Чтобы попасть в лифт, нужно было вставить карточку и набрать код. Мы вышли на пятом этаже и прошли через комнаты, в которых народ как раз шумно обедал. Три молодых человека и две девушки. Лейтмотив их беседы был незатейлив: «Пиздец, бля», «Мудаки, бля» и «Бляди, бля». Саманта представила меня им, сказала, что я ее друг. Очень любезно с ее стороны.
Они вразнобой ответили «привет».
— О чем базар? — спросила Саманта одну из девушек.
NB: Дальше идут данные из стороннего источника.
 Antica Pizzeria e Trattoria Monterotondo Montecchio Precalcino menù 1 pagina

— У Мантелла машину взломали.
— Прямо под окнами, прикинь, бля? — добавил брюнет со здоровенными золотыми часами на запястье.
— Сперли навигатор.
— А хули ты думал? Десять утра, бля. Полицейских, бля, до жопы. На другой стороне улицы — мистер Вонг, вот с таким, бля, окном во всю стену. И никто ничего не видел. А?! — Он возмущенно покачал головой. — Какого хера? Я с одним копом перетер, так он меня спрашивает: «Припомните, может, вы кому хвост прищемили?» А я ему: «Да что вы! Вот разве только тем трем сотням чуваков, которых я закрыл? Как, сужается круг подозреваемых?»
Все засмеялись.
— Конец света.
— Конец света, чувак, давно настал.
— Жетон тоже сперли?
— А на хера им жетон? Они что, дебилы, нами прикидываться? Мы кражу среди бела дня предотвратить не можем. Прямо, бля, в эпицентре охраны правопорядка. Так что — нет. Жетон они не сперли. Знаешь, что Шэна сказала? Я прям охренел. Знаешь, что она сказала?
— Что?
— Я ей все рассказал, а она, такая: «А кто это сделал?»
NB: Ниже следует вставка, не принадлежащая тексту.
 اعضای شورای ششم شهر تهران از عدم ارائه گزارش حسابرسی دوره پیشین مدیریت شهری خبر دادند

Они помолчали, а потом начали гоготать.
— Не может быть…
— Прямо так и спросила?
— Мамой клянусь.
— Вообще больная.
— Ага.
— Вот дебилка-то, прости господи.
— Слышь, Шэна?
— Чего тебе? — раздалось из дальнего отсека.
— Ты дебилка.
— Сам козел.
Саманта повела меня по этажу. Кабинеты тут по большей части ничем не отличались от обычных офисов. Повсюду неопределенно-серые перегородки, сдвинутые в угол столы, раздолбанный ксерокс, пробковые доски с объявлениями и выкладками, шкафы с папками и магнитиками на дверцах, по стенам — семейные фотографии. Обычная обстановка. Выделялись только плакаты о насилии в семье. А еще бритый наголо солдат со здоровенной пушкой — он с трудом что-то тюкал в старом «ворде». И большая часть кузова легковой машины — крыша, пара дверей и покрышка. Все это валялось в коридоре. «Вещдоки», — пояснила Саманта. Она то и дело с кем-то здоровалась, и то и дело кто-то здоровался с ней.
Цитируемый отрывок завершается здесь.